The Majatran Socialist Ba'ath Party (Majatran: حزب البعث الاشتراكي, tr. Hizb al-Ba'ath al-Majatraniyah al-Ishtiraki) was originally founded in Jakania by Ra'd Mohammed El-Amin, the originator of the Ba'athist political theory. Ba'athism, which translates to the renaissance in modern Majatran calls for the unification of all Majatran nations underneath the common banner of the Majatran ethnicity. Ba'athism is secular in nature though does not advocate atheism, it believes that Ahmadism is an integral part of the Majatran culture but should not dictate law and order. The ba'athist believe that the ba'athist party should have control over society, acting as a vanguard party, something that El-Amin borrowed from Karlstein Metz and Vladimir Leonid.

The Majatran Socialist Ba'ath Party National Command is elected every 5 years at a National Congress, the National Command is the overall leadership of the party. At times the National Command has been powerful and influential on it's member parties while at other times it has not had much power or influence over the political branches underneath it. The National General-Secretary is in theory the most powerful position in the entire party. From there, the party is split into "regions" not "states", because the ba'athist see the Majatran people as a whole nation of it's own. The regional branches of the parties are tasked with gaining control of their nations and implementing policies which correspond with their national interests and the national command. The Regional General-Secretary is elected similarly every 5 years at a Regional Congress. The current National Secretary-General is Kafuri Haider Harun al-Kasraj, who was elected on May 7th 3510.

HistoryEdit

OrganizationEdit

National CommandEdit

Despite the presence of any other significant Ba’ath parties in the Majatran world, the National Command still has its influences in countries such as Wantuni (Kalopia), Jakania, Istalia and Badara. The National Command is typically dominated by the largest party and often takes the seat as the Secretary-General, as of this date technically only the Majatran Socialist Ba’ath Party of the Kafuristan Region is politically active. The National Command is comprised of several major offices and departments that help facilitate the operations of the National Command and assist the Secretary-General. The National Command is approved by the National Congress, currently held every 5 years and elects the National Command, elects the Secretary-General as well as generally sets the platform for the policies and goals of the Ba’athist.
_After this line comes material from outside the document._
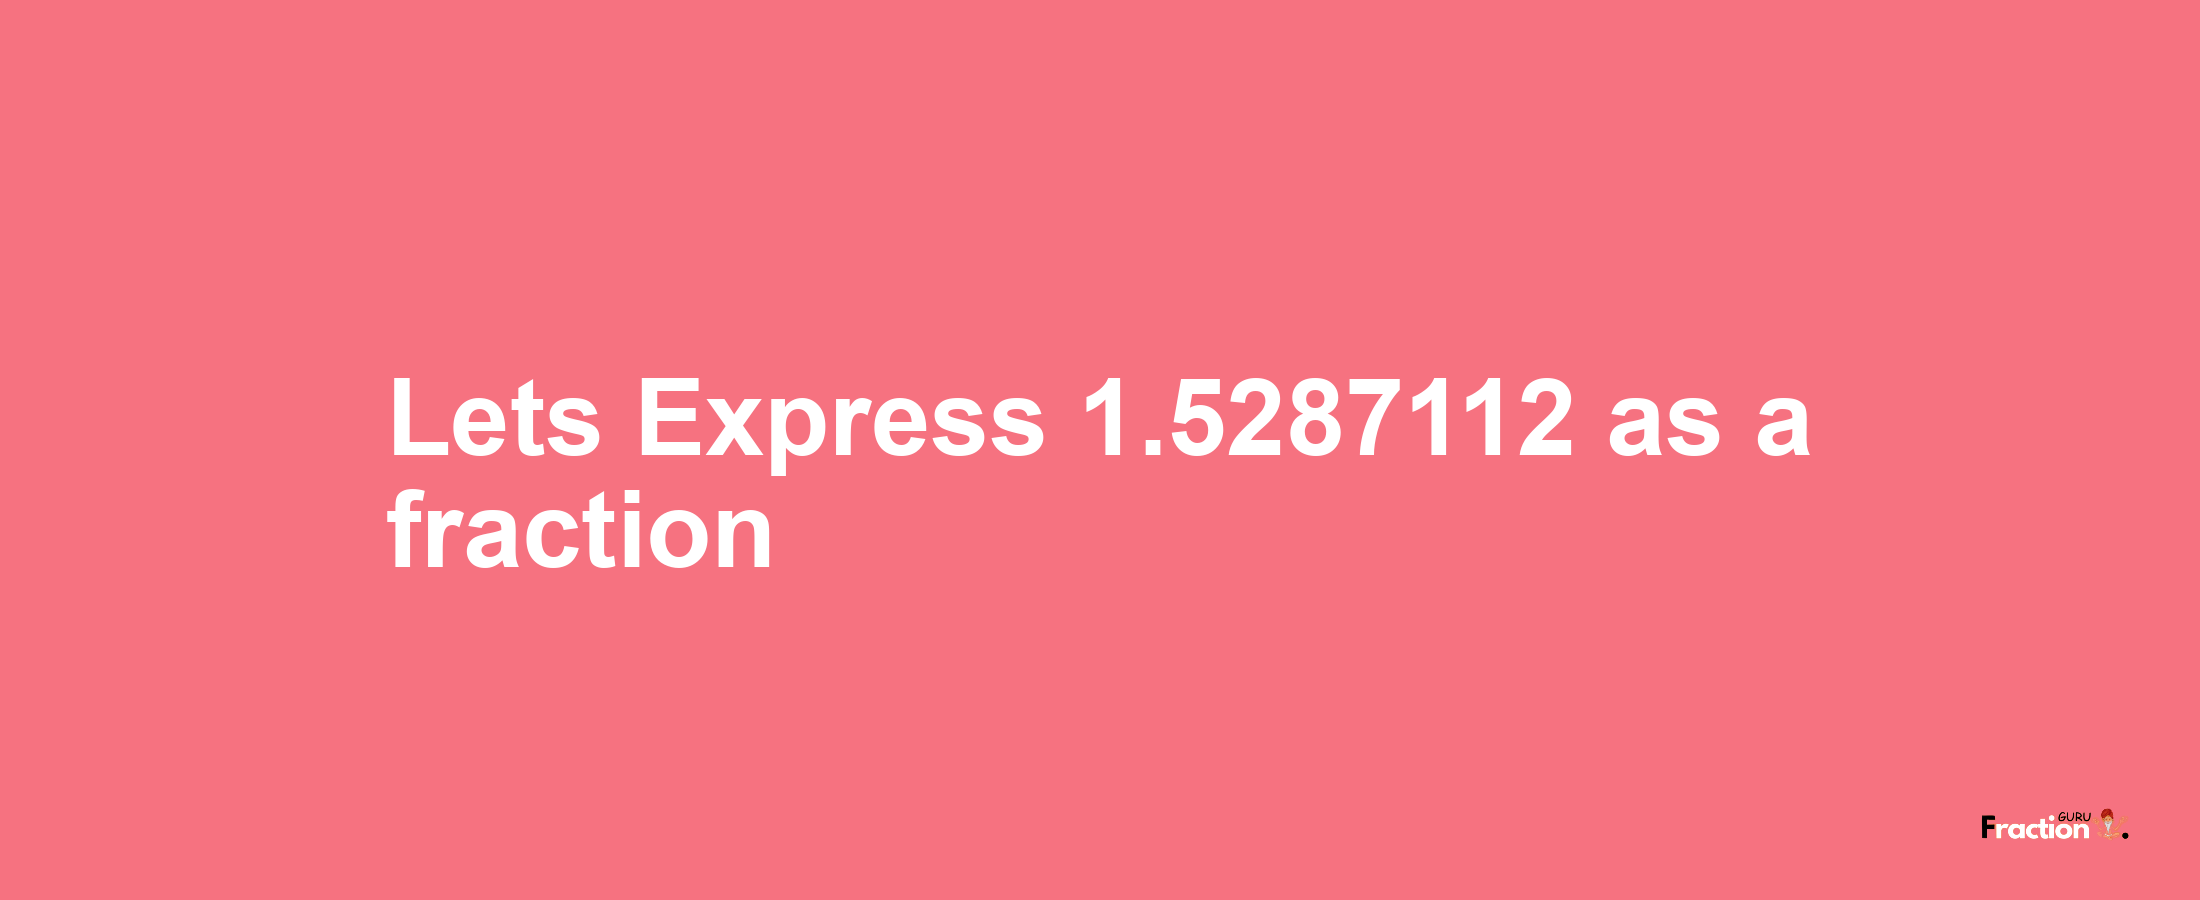 Lets Express 1.5287112 as afraction

When in session the National Congress is the de jure highest authority but in reality the Secretary-General is the de facto highest authority, especially when popular and leading a strong nation. When the National Congress is not in session the National Consultative Council operates as the day-to-day operator of the party. The Chairman of the National Consultative Council is appointed by the National Congress itself. The NCC is responsible for the oversight of the National Command during the interregnum period of the National Congress. The National Tribunal is the highest judicial body of the party and is responsible for party discipline.

In Kafuristan the Secretary-General of the National Command is the ex officio candidate for the Presidency of the Majatran Republic of Kafuristan. The Regional Secretary is the ex officio candidate for the Prime Minister of the Majatran Republic of Kafuristan.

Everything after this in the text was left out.